Studio album by Jim Verraros
- Released: April 26, 2005
- Genre: Pop rock; dance;
- Length: 40:29
- Label: Koch Records
- Producer: Gabe Lopez

Jim Verraros chronology
| Unsaid and Understood (2003) | ''Rollercoaster'' (2005) | Do Not Disturb (2011) |

Singles from Rollercoaster
- "You Turn It On"; "You're Getting Crazy (Estas Enloqueciendo)";

= Rollercoaster (Jim Verraros album) =

American pop-rock album

Rollercoaster is the official debut album of pop rock-dance artist Jim Verraros. It was released by independent label Koch Records on April 26, 2005. Several of the album's songs had been featured on a previous release by Verraros, titled Unsaid and Understood, which had acted as a demo album. Unsaid and Understood had been self-released in 2003, a year after Verraros placed ninth on American Idol's first season, and had drawn the attention of Koch Records, which proceeded to sign Verraros. Gabe Lopez produced Unsaid and Understood as well as Rollercoaster. He also provided backing vocals and played several instruments on both albums. Among Rollercoaster's other background vocalists is Angela Peel, who made it to the semi-finals on American Idol, during the same season as Verraros.

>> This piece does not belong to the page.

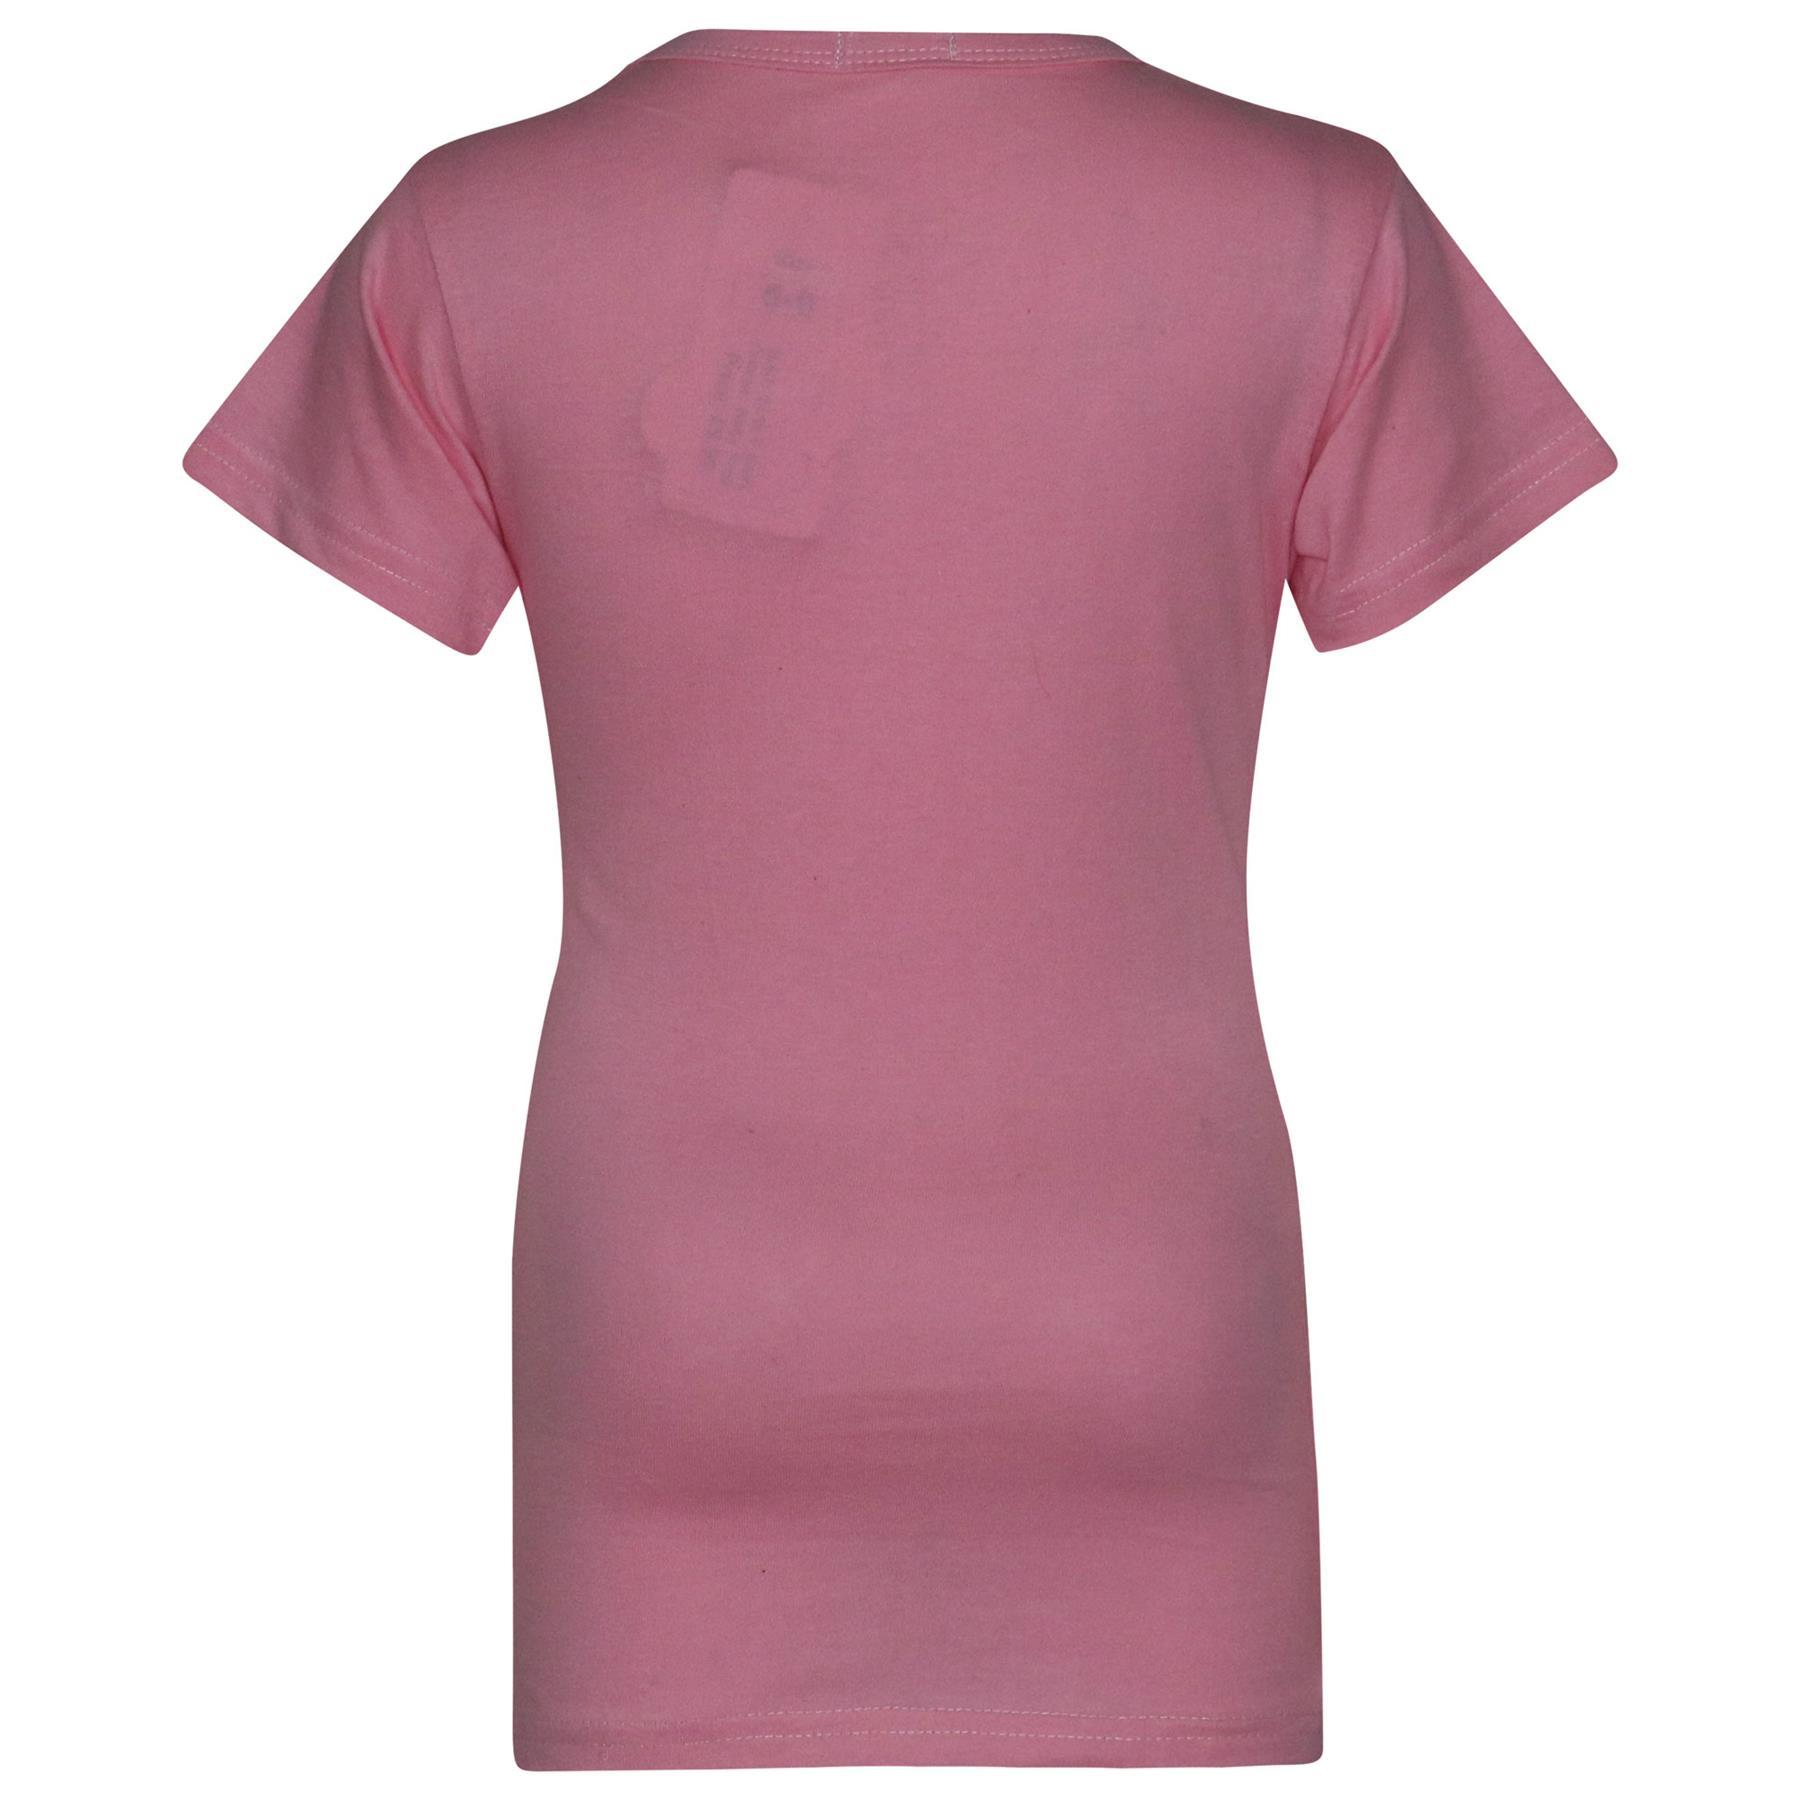 Kids-Girls-T-Shirts-Designer-100-Cotton-Plain-School-T-Shirt-Top-New-Age-3-13Yr thumbnail 6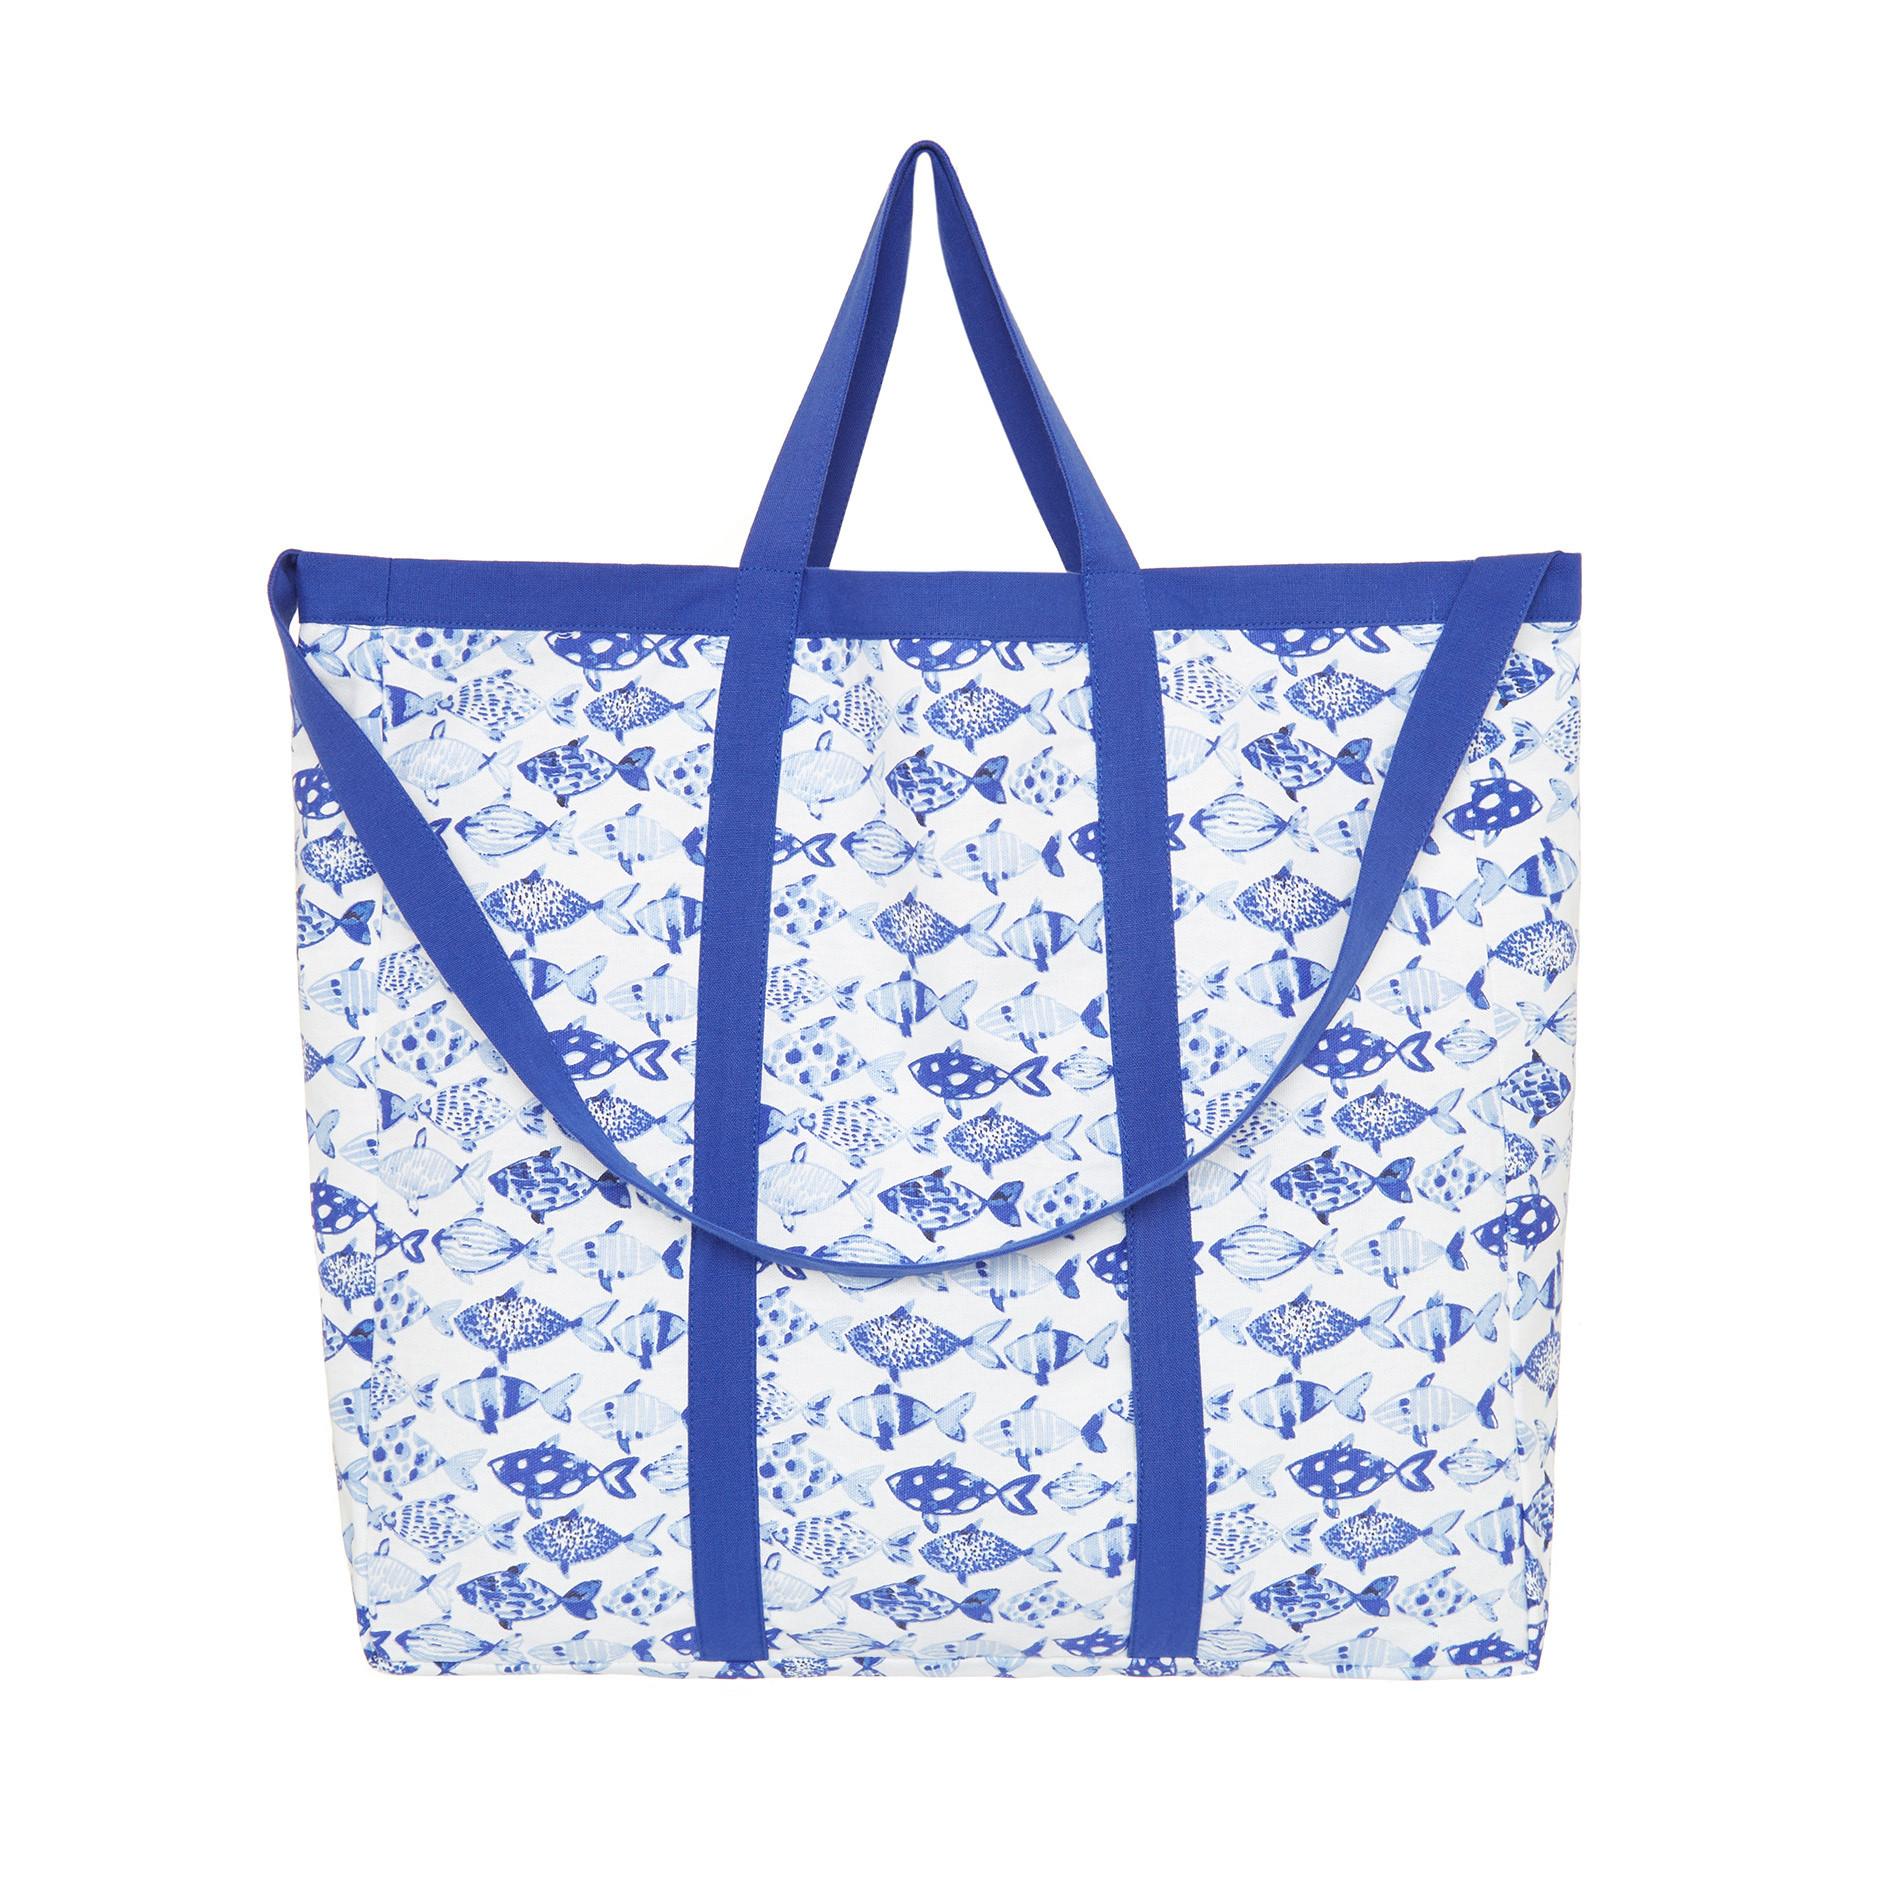 Borsa puro cotone stampa pesci, Azzurro, large image number 0

Verraros had publicly come out as gay the year before releasing Unsaid and Understood and was the only openly gay finalist from American Idol at the time of Rollercoaster's release. He performed many of the songs on Rollercoaster at gay clubs and at pride events. All of the songs on the album avoid using pronouns, and the album was noted for including lyrics that allude to both gay bashing and gay sex. Verraros sought to create a more sexually charged album than those released by other American Idol finalists up to that point. The music of George Michael served as the album's primary influence, while Green Day inspired some of the album's rock elements.

"You Turn It On" was released as Rollercoaster's first single and peaked at number twenty-one on the Billboard Dance Club Play Chart. "You're Getting Crazy (Estas Enloqueciendo)" was released in October 2005 as the album's second single. Both songs received multiple remixes. Prior to Rollercoaster's release, songs from Unsaid and Understood topped the Rock and Pop charts on Mp3.com.

Lopez received writing credits for all eleven tracks on Rollercoaster. Verraros co-wrote seven of the album's songs, and Peel co-wrote four of them. Peel's credits include co-writing both of the album's singles.

Reviews of Rollercoaster were generally positive, both in mainstream and LGBT-interest publications. Critics complimented the album's musical influences and gay-oriented themes.

==Background==
After placing ninth on American Idol's first season, Jim Verraros moved to Los Angeles, where he was cast in the LGBT independent comedy film Eating Out. Around the same time, he connected with Gabe Lopez, a singer-songwriter and music producer based in that area. Lopez had heard American Idol: Greatest Moments, a compilation album that Verraros had been featured on, and wanted to begin a collaboration. The two of them worked out of Lopez's home studio. A demo album resulted, titled Unsaid and Understood, which Verraros and Lopez self-released in 2003.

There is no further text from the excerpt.